When engineers need to design an amphibious robot, an indestructible fiber, or a wind turbine blade that slices quietly through the air, they increasingly turn to biology for inspiration. But they don’t always have access to the actual biological structures or the expertise to analyze them.

Museums do. If engineers knew about those collections and could access them more easily, it would dramatically speed up the pace of innovation, said Rolf Mueller, associate professor of mechanical engineering in the College of Engineering.

Mueller leads a workshop this week at the Smithsonian’s National Museum of Natural History, entitled “Biological collections as a resource for technical innovation,” to explore how engineers and museums can work together to bring more biology into bioinspiration.

The Smithsonian’s collection alone numbers more than 128 million specimens. That vast cache of biodiversity holds the results of billions of years of field tests of sensory structures, functional materials, and locomotion systems.

“If one could get that knowledge out, I think it would really dwarf the database of all human engineering knowledge,” Mueller said.

Mueller uses the Smithsonian’s collections in his research on bioinspired sonar, studying the relationship between bats’ facial structures and their remarkable echolocation abilities.

According to Mueller, engineers don’t always know what museum resources might be available and can’t necessarily access then. And extracting useful information isn’t straightforward, especially for scientists not used to dealing with biological specimens.

“You’re in a room filled with drawers, covered in scientific names, and you stand there, and now what?” he said. 

Mueller is the director of the Center for Bioinspired Science and Technology, which is supported in part by the Institute for Critical Technology and Applied Science. He designed the workshop, sponsored by the National Science Foundation, to explore what information might be useful to engineers, how to extract as much of it as possible without damaging the specimen,  and how to turn that raw data into engineering insight.

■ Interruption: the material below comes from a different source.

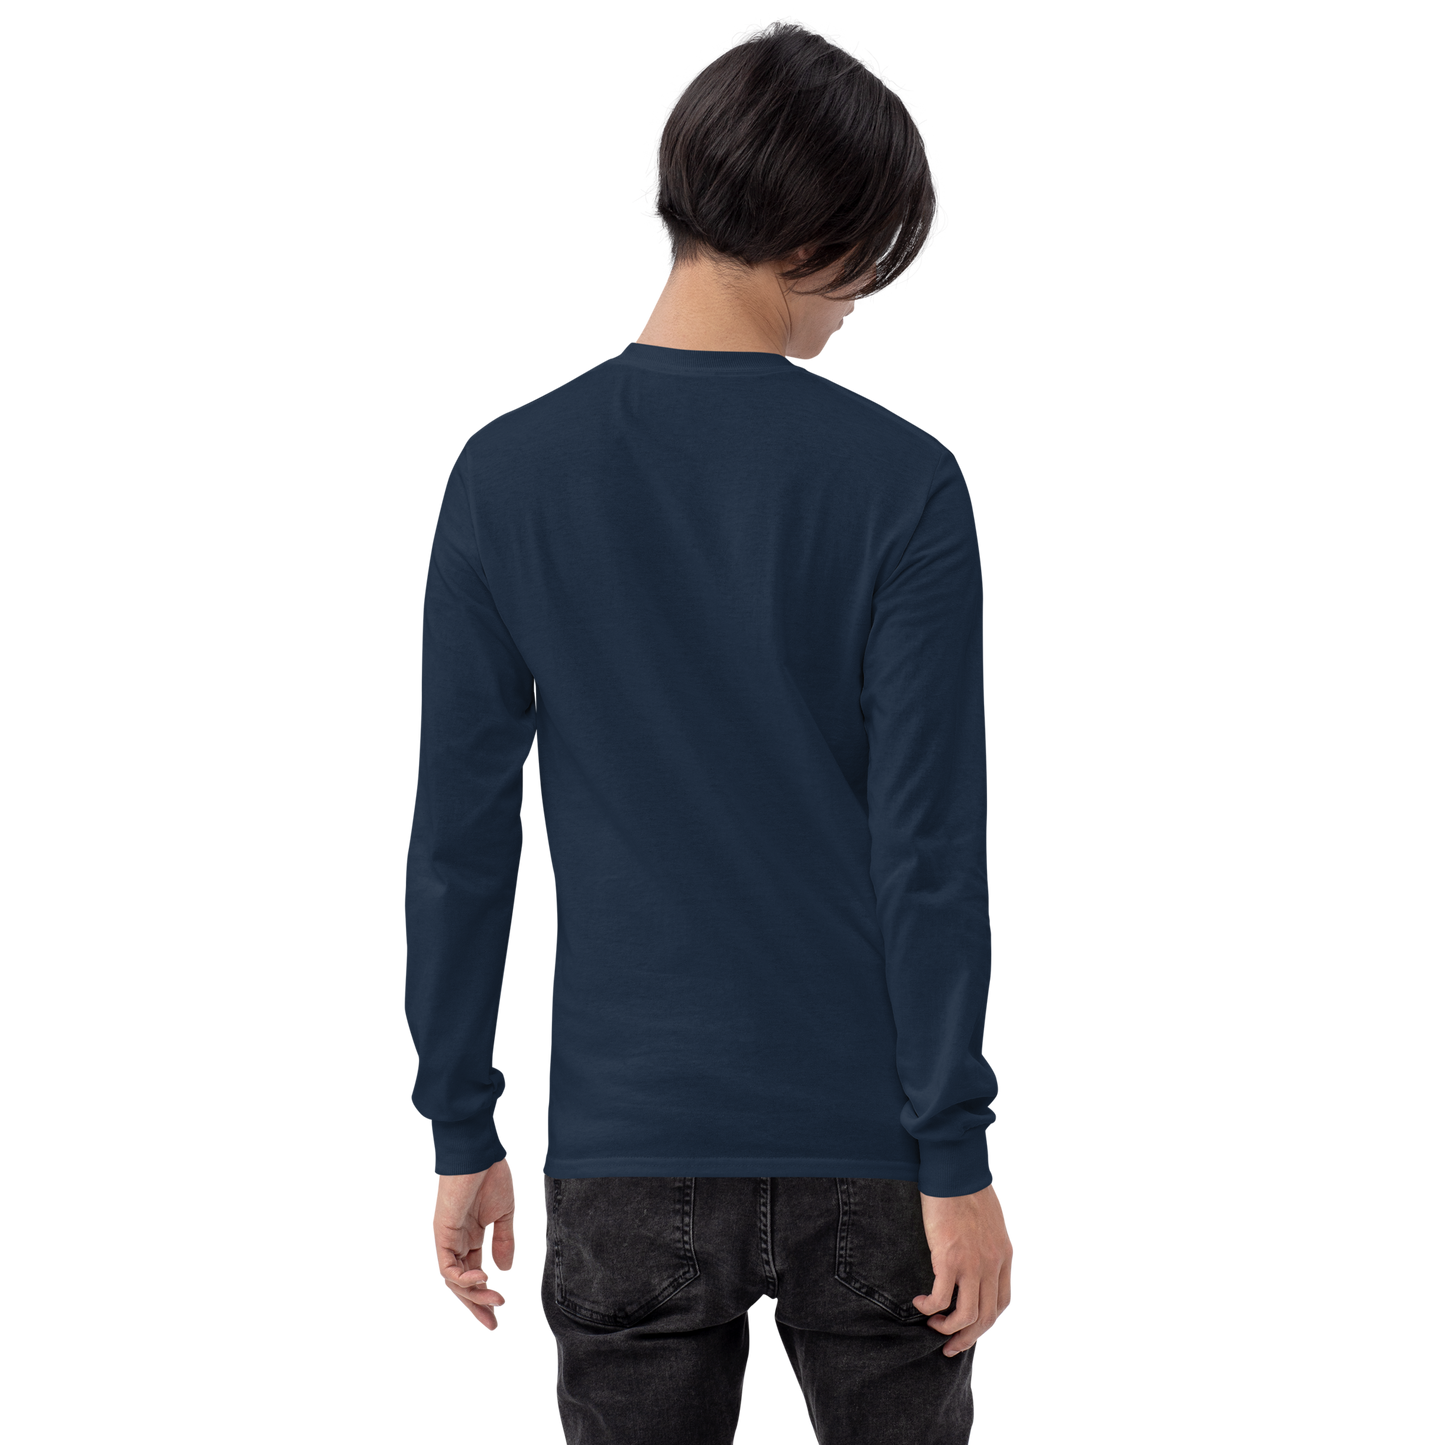 Camicia a maniche lunghe - Discreto V1.0 - Nero/Navy - Premium

For example, Mueller said, physical data obtained from the specimens could be merged with other resources, including scientific literature and even YouTube, to yield a digital knowledge base that could be mined with technologies similar to Watson, the Jeopardy-playing computer.

Such a database could help an engineer with a specific question — say, how to design a flying robot with minimal air drag — find the best biological model system, a process that can often be haphazard, Mueller said.

“If I’m an engineer and I have a problem that I need to solve, I see some animal on the Discovery Channel, and I think, ‘that’s it!’” he said. “But maybe there’s something out there that would have been a better model, and I just missed it. Effort is wasted because the model system is not as good as it could have been.”

In fact, many bioinspired technologies tend to reference the same handful of species: geckos, spiders, butterflies. Facilitating engineers’ access to museums’ extensive collections would expand the pool of potential solutions to technical problems.

This week's workshop includes museum curators, engineers who work in bioinspiration, data scientists, representatives from IBM, 13 Virginia Tech faculty, and economists, who can offer insight on the potential commercial value of the data hidden in museums’ specimens and how much accelerating bioinspired innovation might boost the economy.

Representatives from the National Science Foundation and other Washington-area government agencies and research labs are also in attendance.

“There are a lot of engineers out there who are trying to do bioinspiration but who have limited access to the biology,” Mueller said. “It’s a whole different world.”